TASK INPUTS »
= = = =
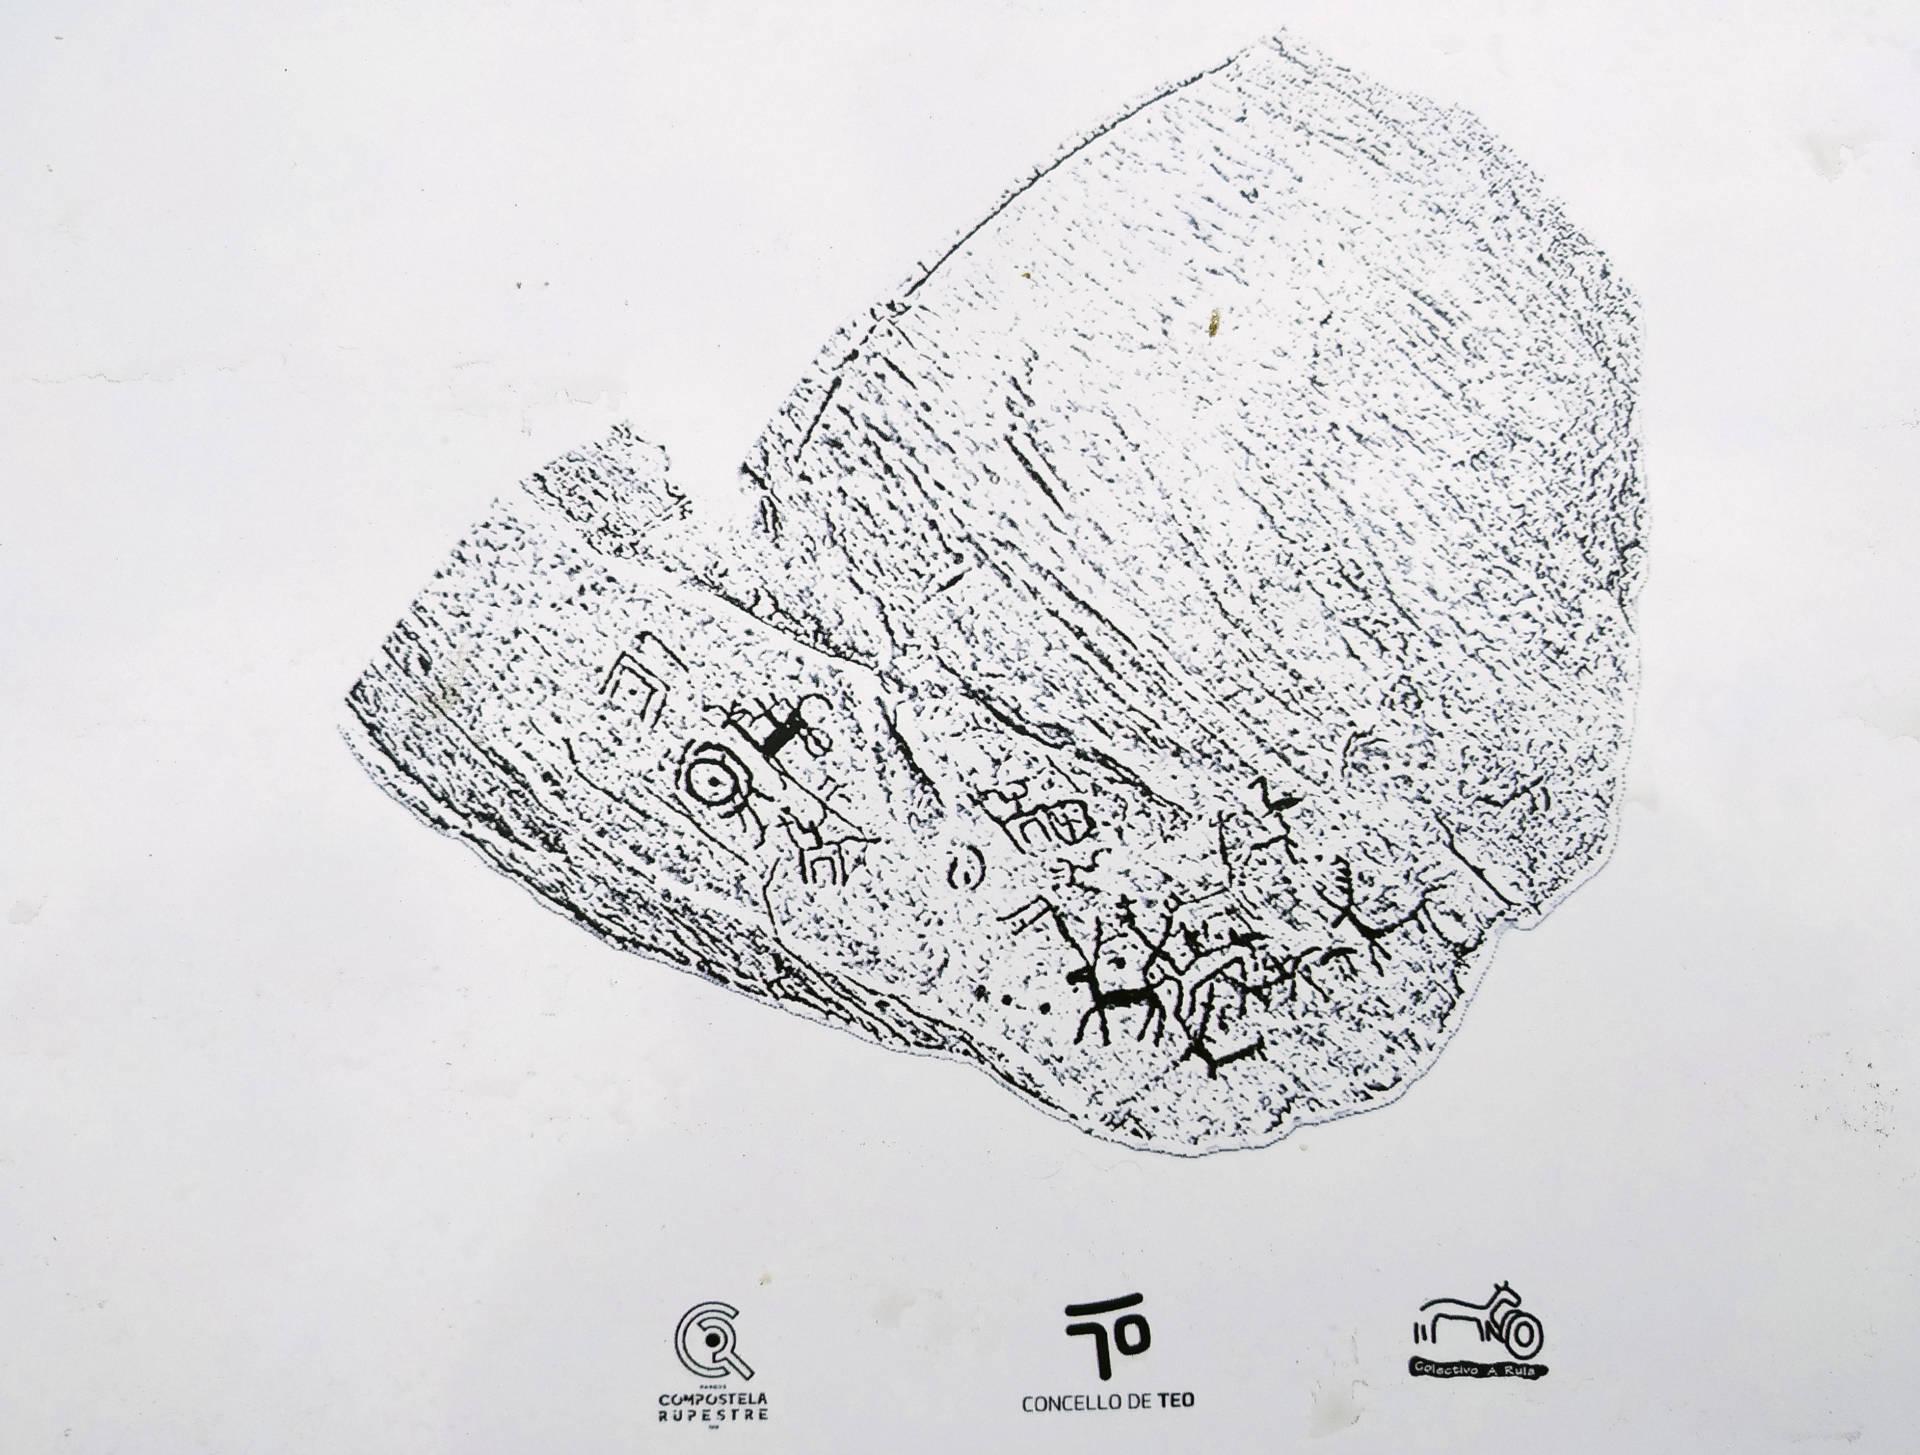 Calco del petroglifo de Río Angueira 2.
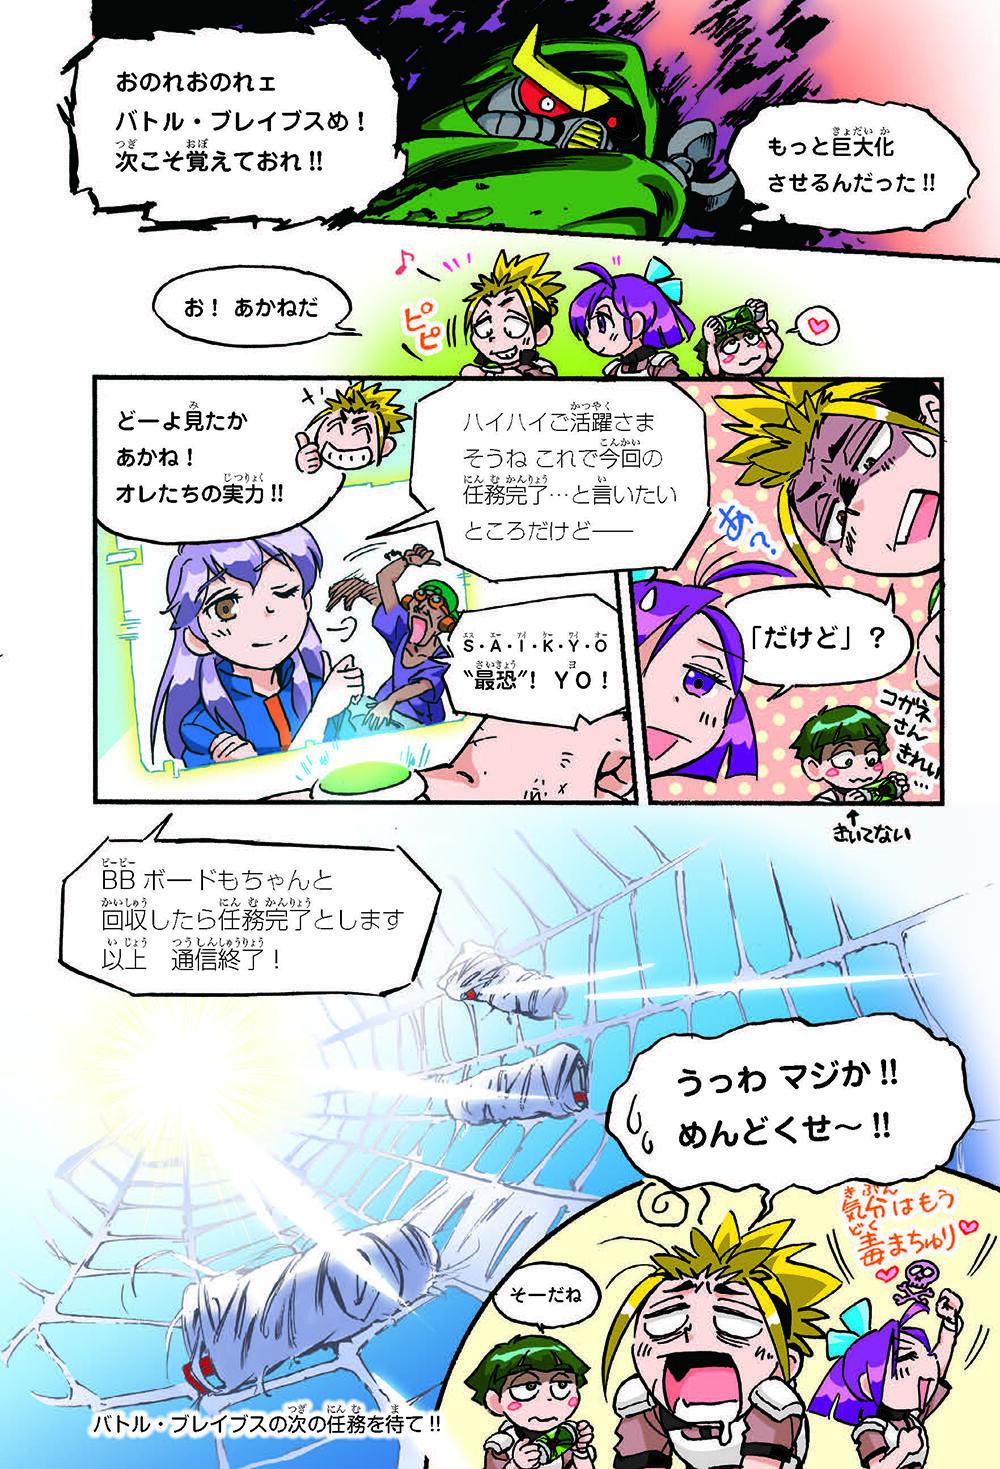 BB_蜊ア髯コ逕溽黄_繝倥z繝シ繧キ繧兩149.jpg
= = = =
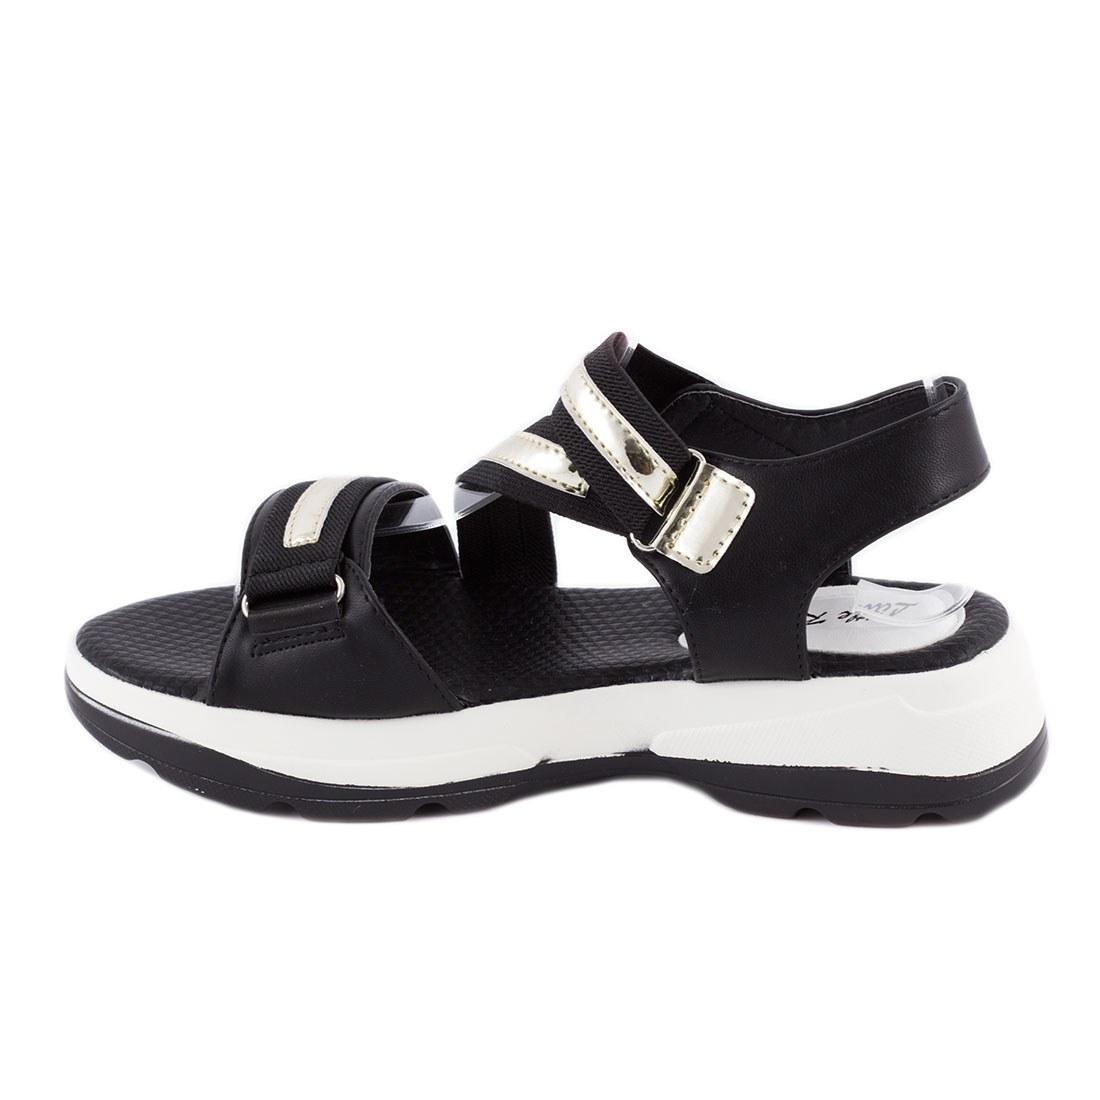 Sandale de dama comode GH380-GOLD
= = = =
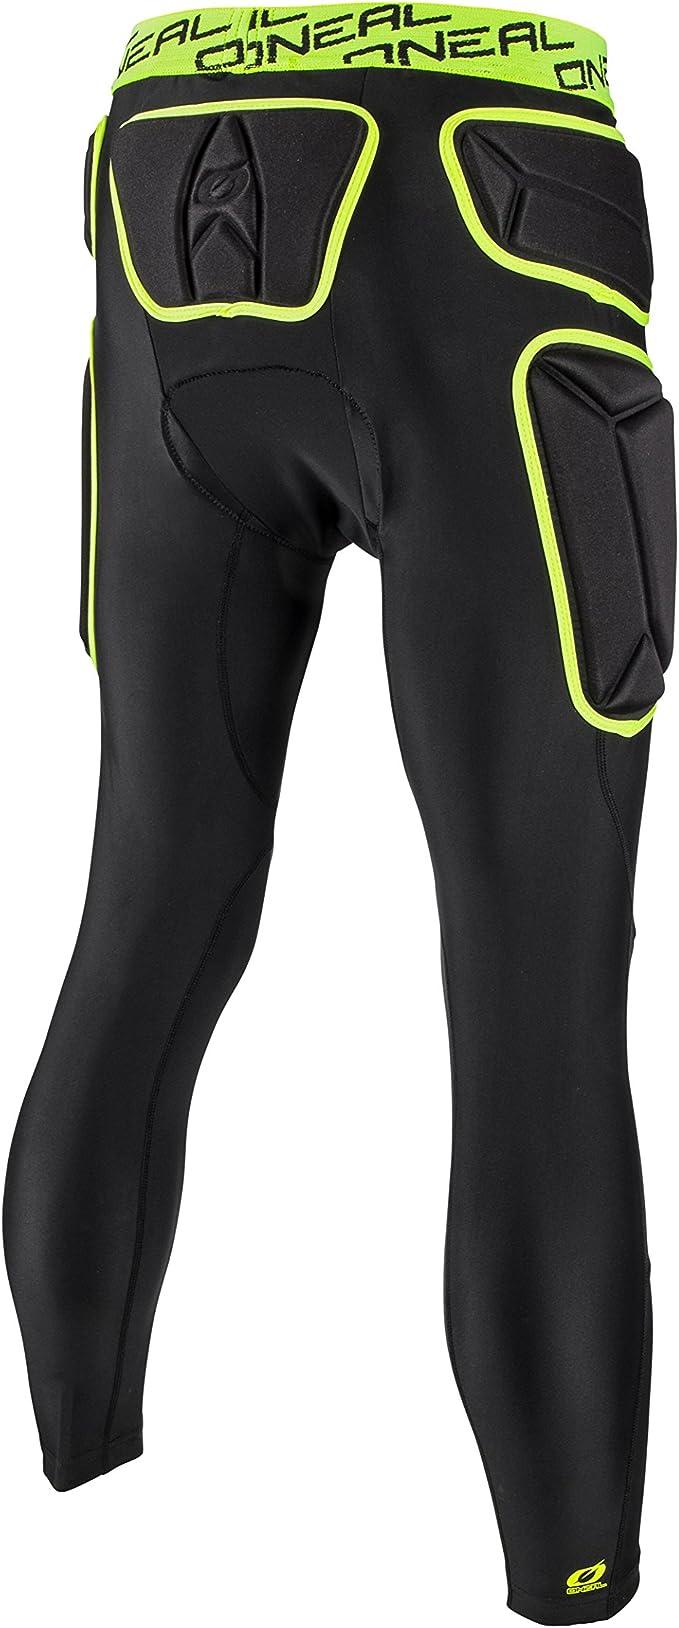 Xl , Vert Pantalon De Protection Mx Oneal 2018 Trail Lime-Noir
= = = =
Once the line with "Calco del petroglifo de Río Angueira 2." has been found above, output that line and every later line exactly, stopping after the line with "BB_蜊ア髯コ逕溽黄_繝倥z繝シ繧キ繧兩149.jpg", and omit the pictures.

 Calco del petroglifo de Río Angueira 2.
 BB_蜊ア髯コ逕溽黄_繝倥z繝シ繧キ繧兩149.jpg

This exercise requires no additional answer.